It's his problem now, the way I understand it is the value of his portfolio increased during your annual tax report and he hold it through while the value of his portfolio got down to the point of 100,000$. So even if his cryptocurrency holdings is now below than his tax liabilities he still has to pay it, I am even wondering why he haven't paid his tax liabilities as of last year. Your taxing department won't probably consider the losses you incurred after every tax report you have submitted. You still have the same liability in their eyes.

Yeah this is a good point actually. And it also brings up the issue of past taxes owed. If he didn't file last year he might have been charged a good amount of interest on top of that.

in many a place not having the tax to meet your liability is your problem. At the moment of the taxable transaction you did have the money to pay it. It's not the tax man's problem if it's subsequently been lost or bet elsewhere since or more likely the overall value has just gone down.

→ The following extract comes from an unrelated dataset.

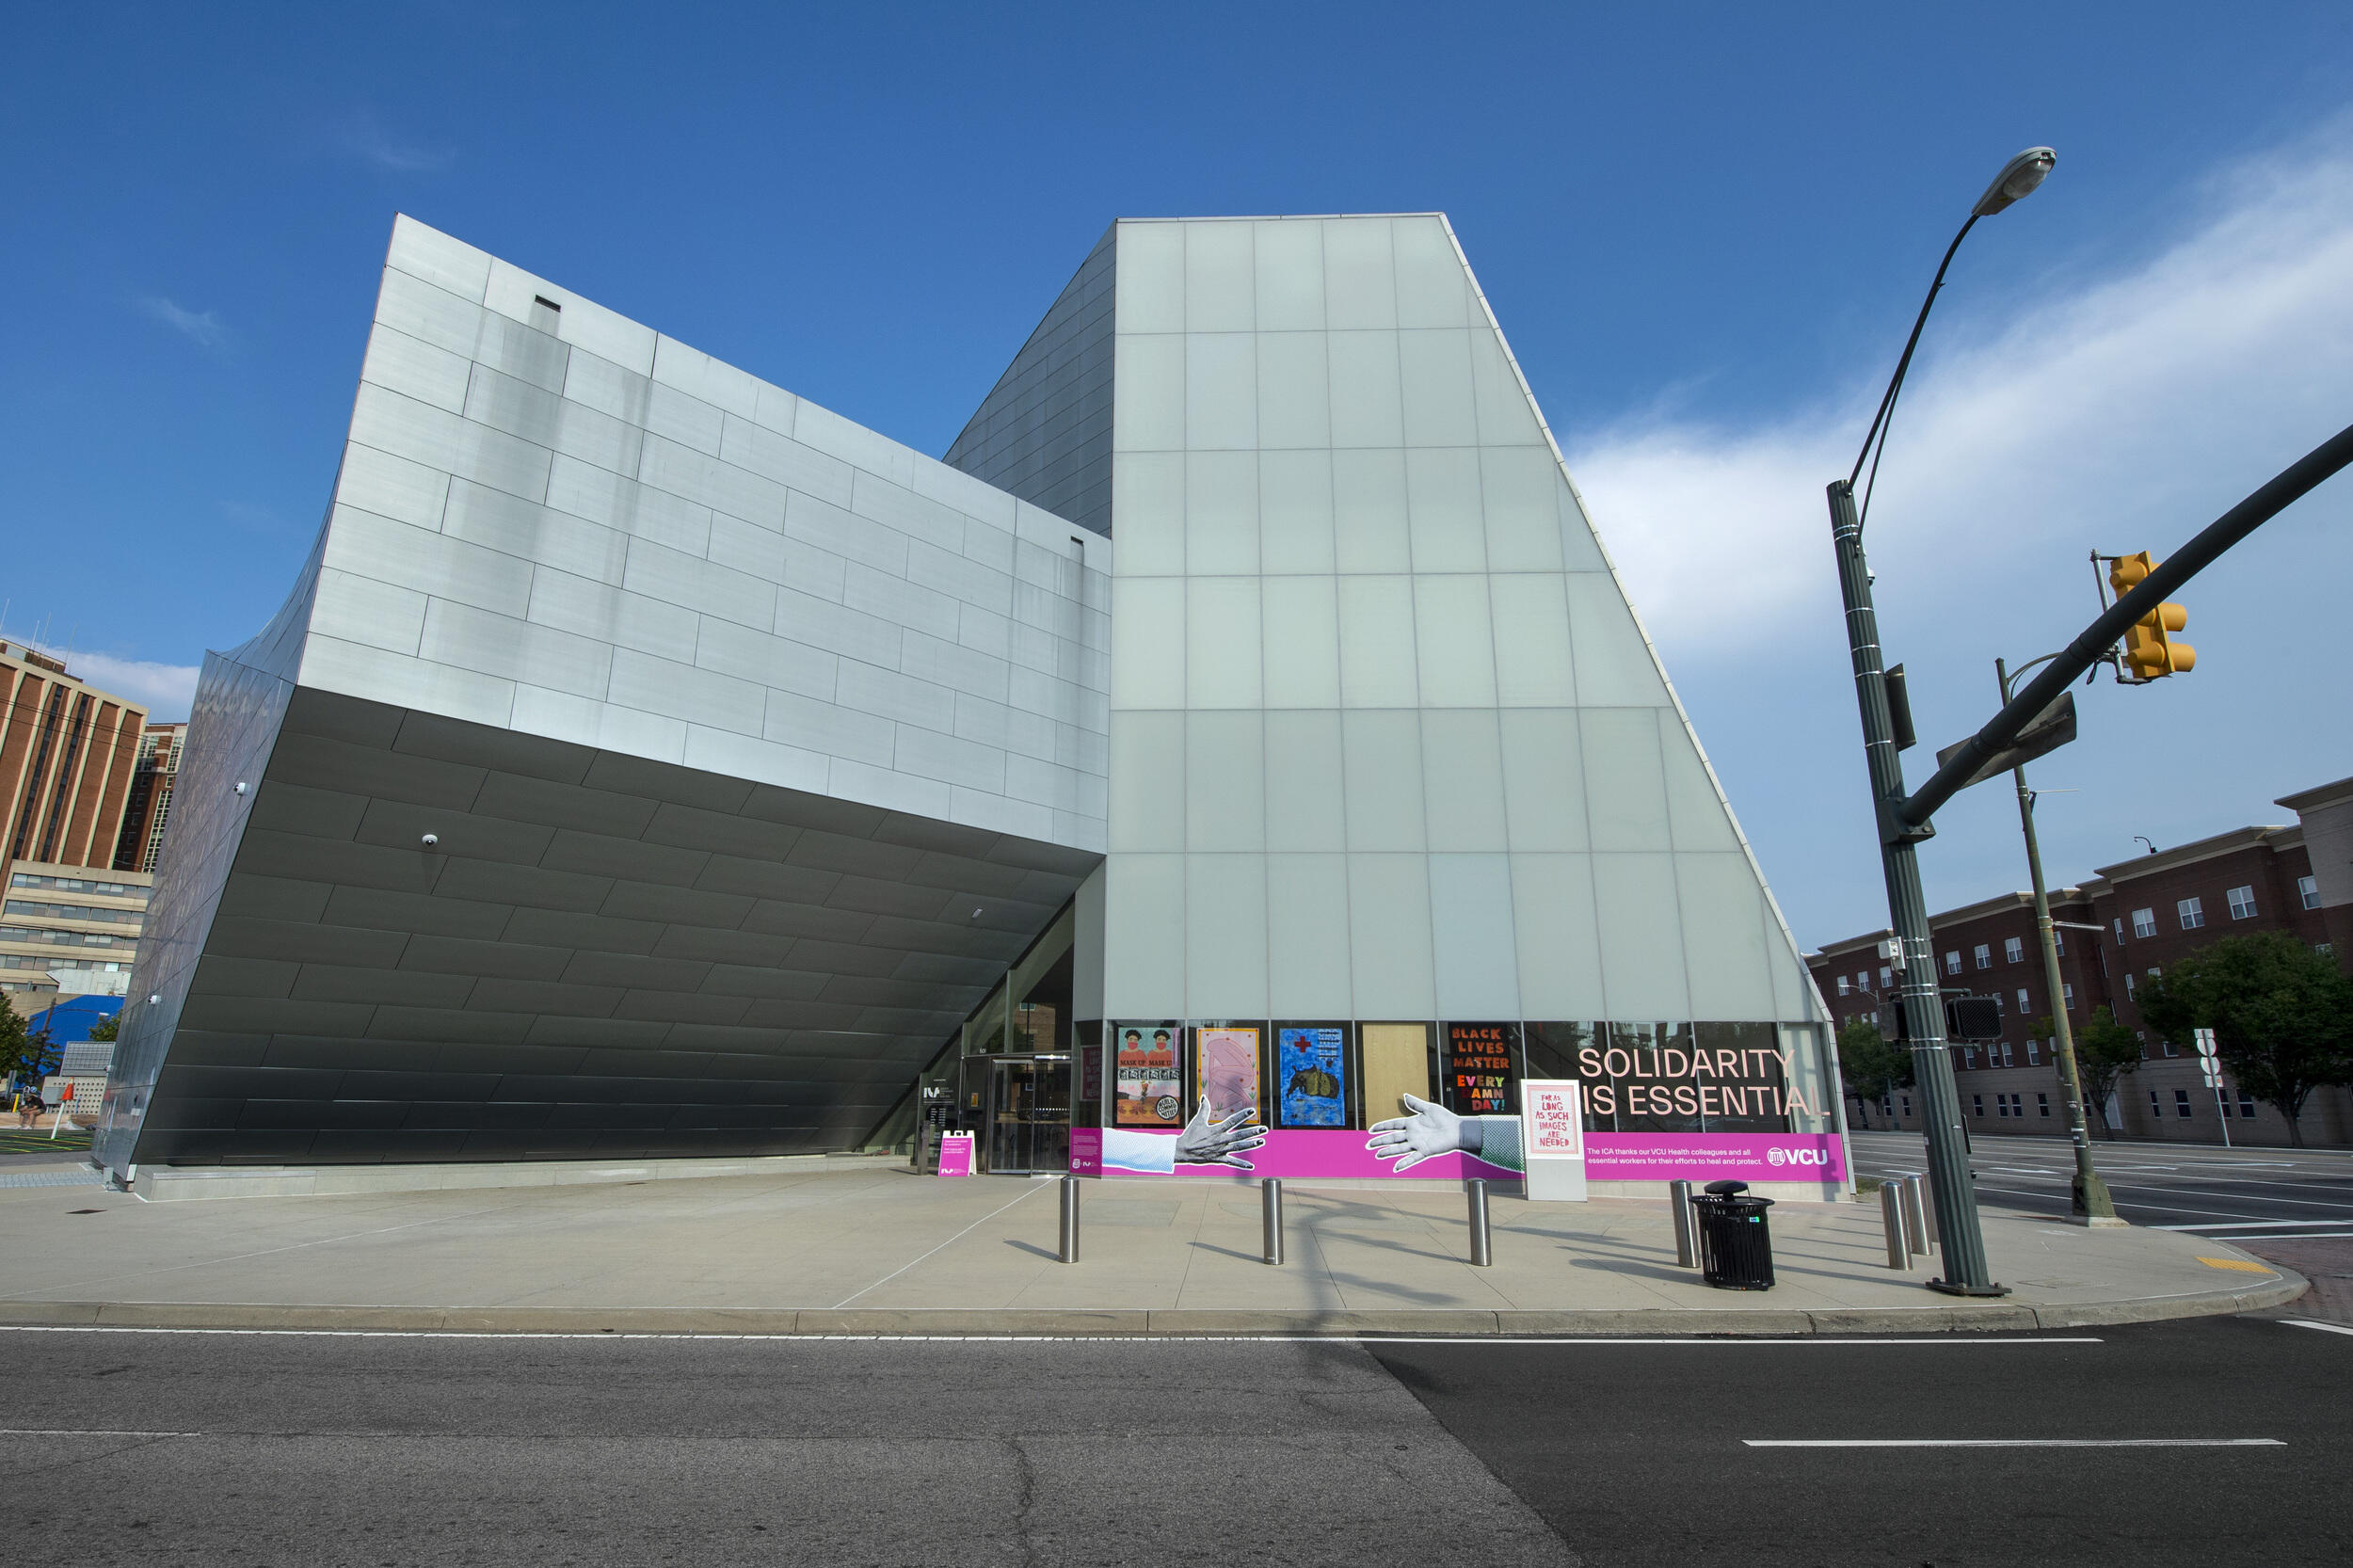 The Institute for Contemporary Art as viewed from Belvidere Street.
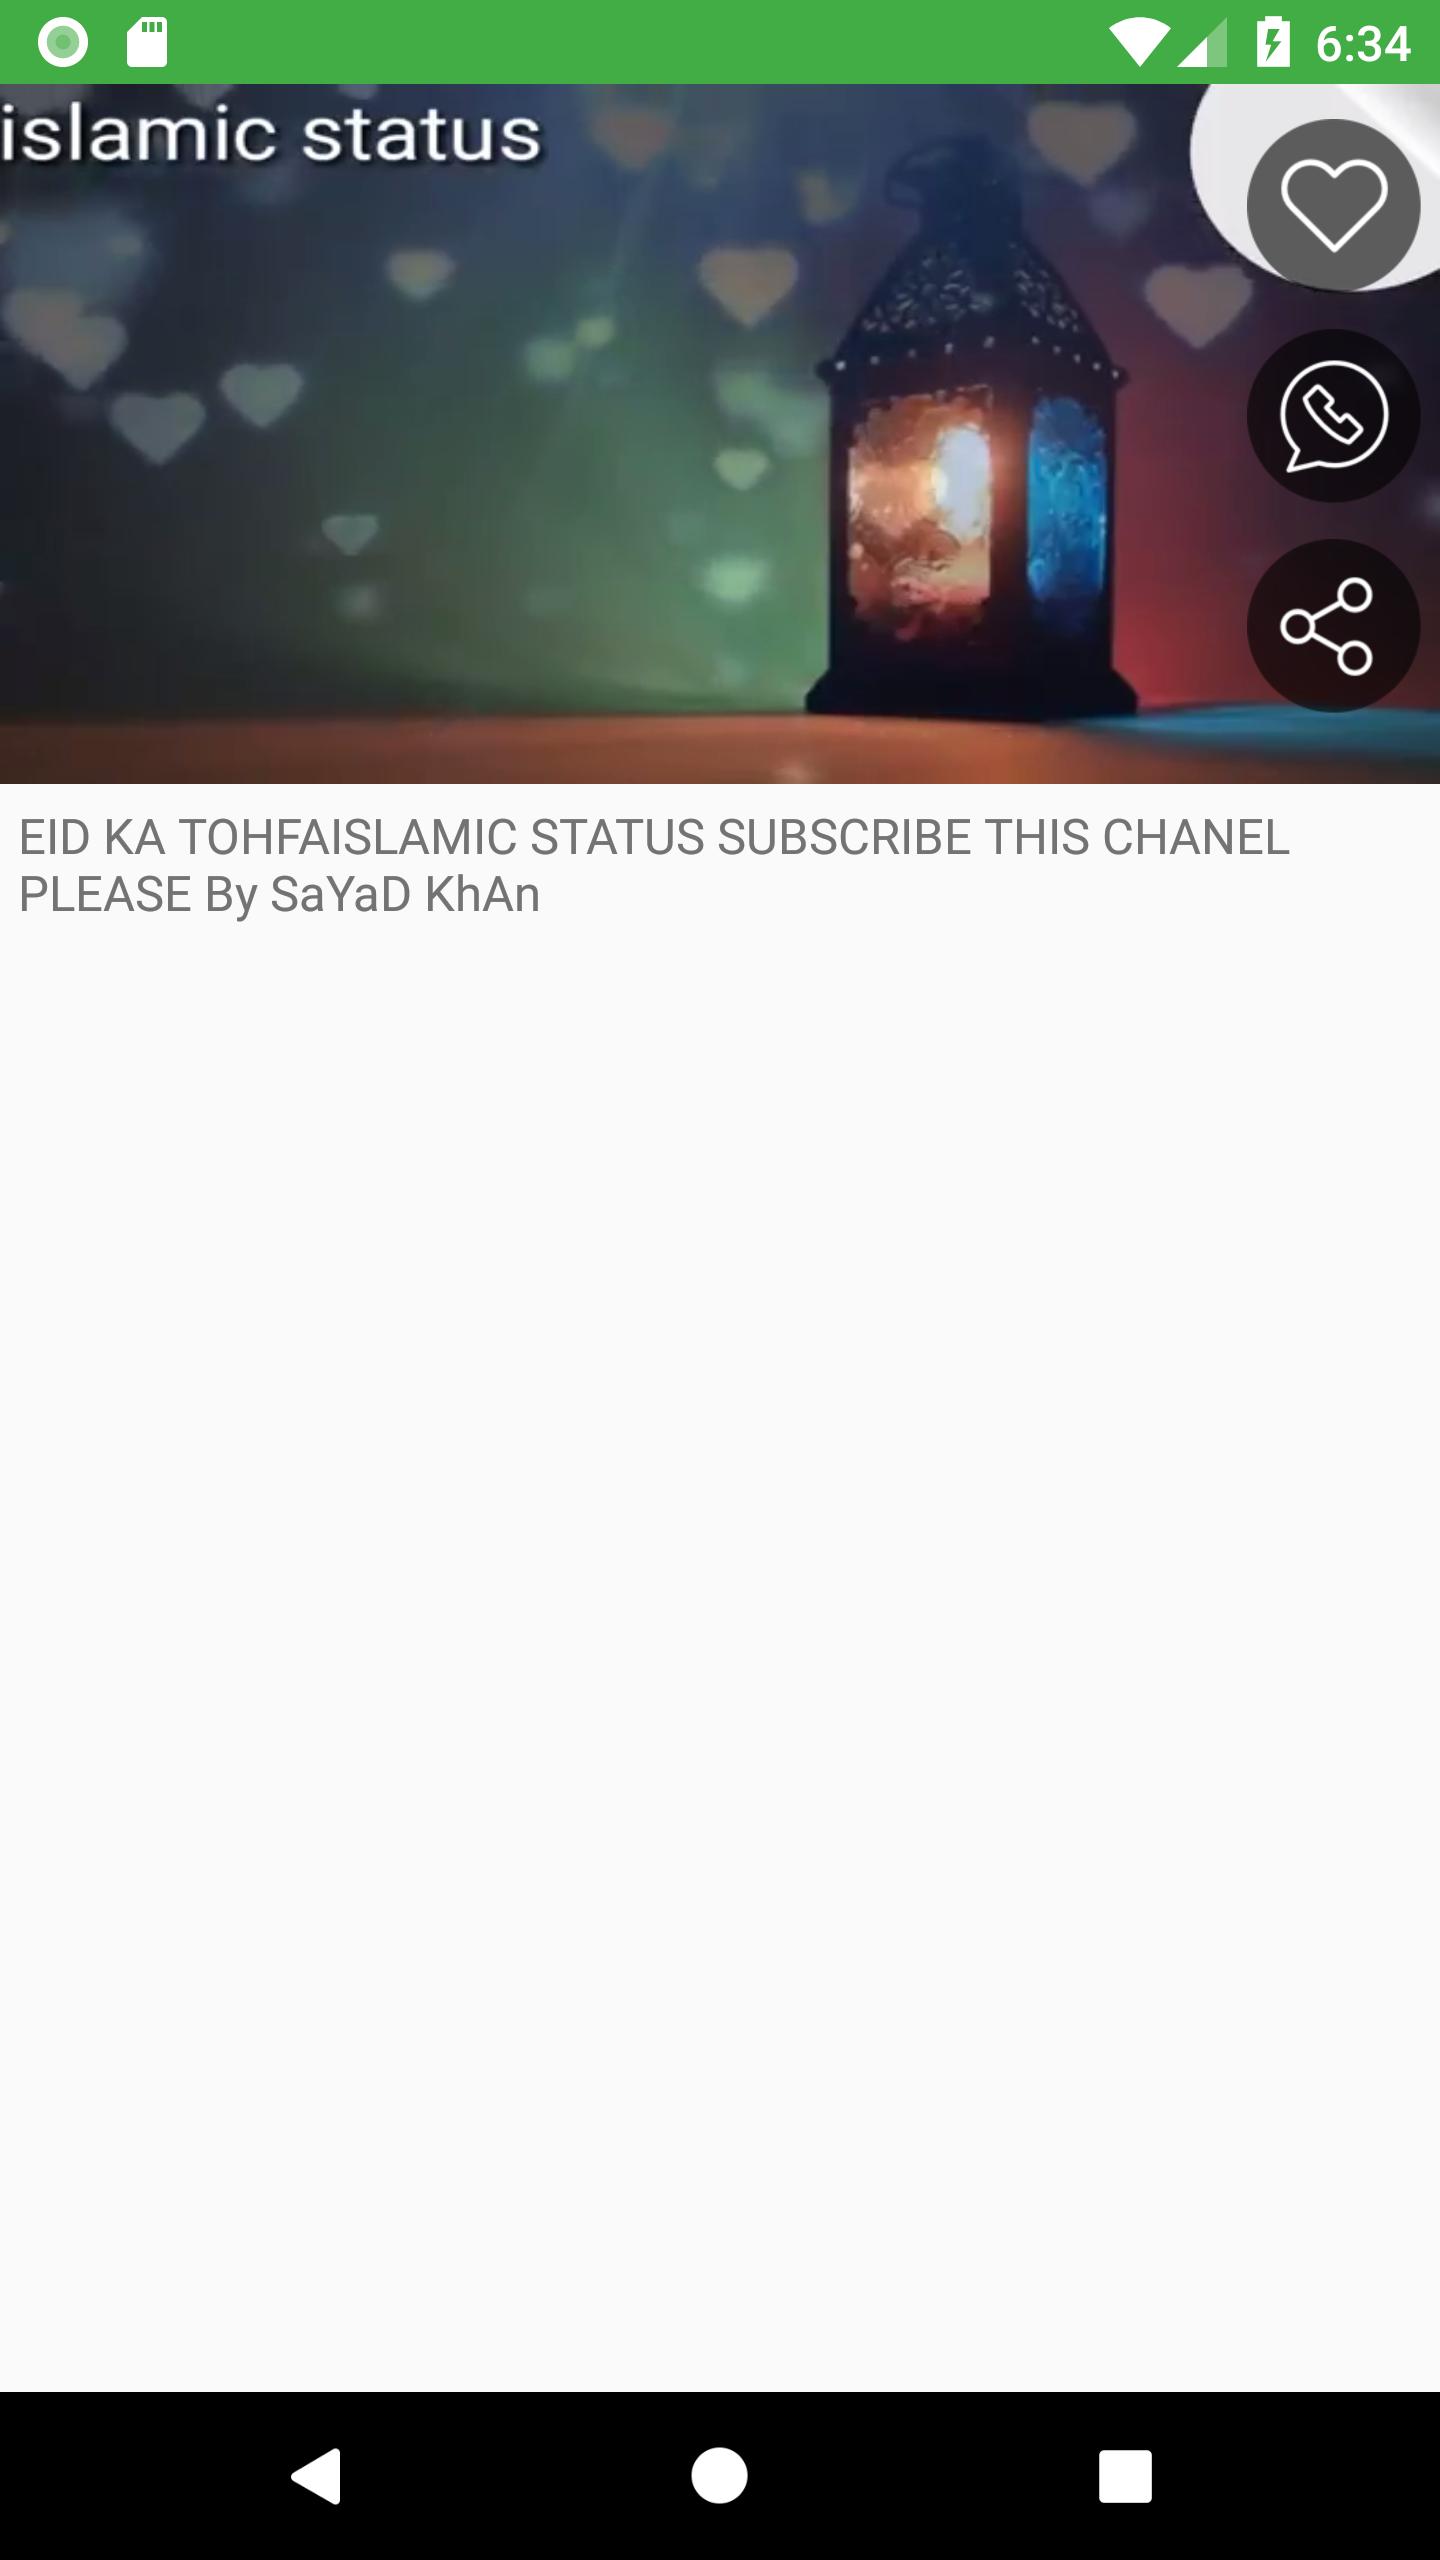  Islamic  Video  Status  for Android APK Download

Hate to say it, but it's actually a good point and it makes sense. You could argue tho, that with crypto-to-crypto trade you don't earn "money", so you can't make provisions for the tax due, but still you could convert appropriate portion of your cryptos to fiat... This shit can be a minefield.


That's why they calculate it as year-end finals, isn't it? So that they don't get into minor discrepancies about gains and losses along the way. There's no way that they can charge you for every gain and ignore losses. That's just not a sustainable business.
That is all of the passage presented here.